* [Excerpted data]
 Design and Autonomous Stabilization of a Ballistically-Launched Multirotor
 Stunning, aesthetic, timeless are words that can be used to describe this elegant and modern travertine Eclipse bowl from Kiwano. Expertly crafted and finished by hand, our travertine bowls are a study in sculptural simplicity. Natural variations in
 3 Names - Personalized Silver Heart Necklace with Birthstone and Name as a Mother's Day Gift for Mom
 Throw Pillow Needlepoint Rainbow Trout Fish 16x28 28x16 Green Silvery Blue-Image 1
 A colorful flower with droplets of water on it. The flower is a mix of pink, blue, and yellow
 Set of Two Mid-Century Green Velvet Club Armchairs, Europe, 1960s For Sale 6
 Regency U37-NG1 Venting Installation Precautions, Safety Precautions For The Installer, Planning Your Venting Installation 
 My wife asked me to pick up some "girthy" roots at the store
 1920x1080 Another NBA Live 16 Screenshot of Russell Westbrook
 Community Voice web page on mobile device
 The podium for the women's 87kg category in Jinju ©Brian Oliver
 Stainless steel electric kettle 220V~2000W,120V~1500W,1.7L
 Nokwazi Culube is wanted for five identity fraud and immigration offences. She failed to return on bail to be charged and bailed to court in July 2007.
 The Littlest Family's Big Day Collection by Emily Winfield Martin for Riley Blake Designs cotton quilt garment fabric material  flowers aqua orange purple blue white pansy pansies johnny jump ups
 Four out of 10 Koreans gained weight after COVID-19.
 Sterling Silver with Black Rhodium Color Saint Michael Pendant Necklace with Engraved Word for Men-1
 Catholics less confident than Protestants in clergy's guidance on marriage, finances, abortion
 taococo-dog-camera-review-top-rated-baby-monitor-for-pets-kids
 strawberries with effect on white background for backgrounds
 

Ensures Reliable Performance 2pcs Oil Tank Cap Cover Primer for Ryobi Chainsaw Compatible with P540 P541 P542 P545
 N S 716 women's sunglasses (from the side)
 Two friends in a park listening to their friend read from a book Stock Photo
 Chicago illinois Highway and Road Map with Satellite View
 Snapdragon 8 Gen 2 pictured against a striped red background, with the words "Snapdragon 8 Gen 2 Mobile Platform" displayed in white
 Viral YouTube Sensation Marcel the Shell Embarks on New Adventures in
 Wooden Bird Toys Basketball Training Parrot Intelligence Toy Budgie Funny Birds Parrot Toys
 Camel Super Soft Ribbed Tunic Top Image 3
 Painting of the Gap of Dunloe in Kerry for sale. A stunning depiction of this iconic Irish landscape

* [Aim of the task] Word for word, give the entire listing again.

* [Answer]
 Design and Autonomous Stabilization of a Ballistically-Launched Multirotor
 Stunning, aesthetic, timeless are words that can be used to describe this elegant and modern travertine Eclipse bowl from Kiwano. Expertly crafted and finished by hand, our travertine bowls are a study in sculptural simplicity. Natural variations in
 3 Names - Personalized Silver Heart Necklace with Birthstone and Name as a Mother's Day Gift for Mom
 Throw Pillow Needlepoint Rainbow Trout Fish 16x28 28x16 Green Silvery Blue-Image 1
 A colorful flower with droplets of water on it. The flower is a mix of pink, blue, and yellow
 Set of Two Mid-Century Green Velvet Club Armchairs, Europe, 1960s For Sale 6
 Regency U37-NG1 Venting Installation Precautions, Safety Precautions For The Installer, Planning Your Venting Installation 
 My wife asked me to pick up some "girthy" roots at the store
 1920x1080 Another NBA Live 16 Screenshot of Russell Westbrook
 Community Voice web page on mobile device
 The podium for the women's 87kg category in Jinju ©Brian Oliver
 Stainless steel electric kettle 220V~2000W,120V~1500W,1.7L
 Nokwazi Culube is wanted for five identity fraud and immigration offences. She failed to return on bail to be charged and bailed to court in July 2007.
 The Littlest Family's Big Day Collection by Emily Winfield Martin for Riley Blake Designs cotton quilt garment fabric material  flowers aqua orange purple blue white pansy pansies johnny jump ups
 Four out of 10 Koreans gained weight after COVID-19.
 Sterling Silver with Black Rhodium Color Saint Michael Pendant Necklace with Engraved Word for Men-1
 Catholics less confident than Protestants in clergy's guidance on marriage, finances, abortion
 taococo-dog-camera-review-top-rated-baby-monitor-for-pets-kids
 strawberries with effect on white background for backgrounds
 

Ensures Reliable Performance 2pcs Oil Tank Cap Cover Primer for Ryobi Chainsaw Compatible with P540 P541 P542 P545
 N S 716 women's sunglasses (from the side)
 Two friends in a park listening to their friend read from a book Stock Photo
 Chicago illinois Highway and Road Map with Satellite View
 Snapdragon 8 Gen 2 pictured against a striped red background, with the words "Snapdragon 8 Gen 2 Mobile Platform" displayed in white
 Viral YouTube Sensation Marcel the Shell Embarks on New Adventures in
 Wooden Bird Toys Basketball Training Parrot Intelligence Toy Budgie Funny Birds Parrot Toys
 Camel Super Soft Ribbed Tunic Top Image 3
 Painting of the Gap of Dunloe in Kerry for sale. A stunning depiction of this iconic Irish landscape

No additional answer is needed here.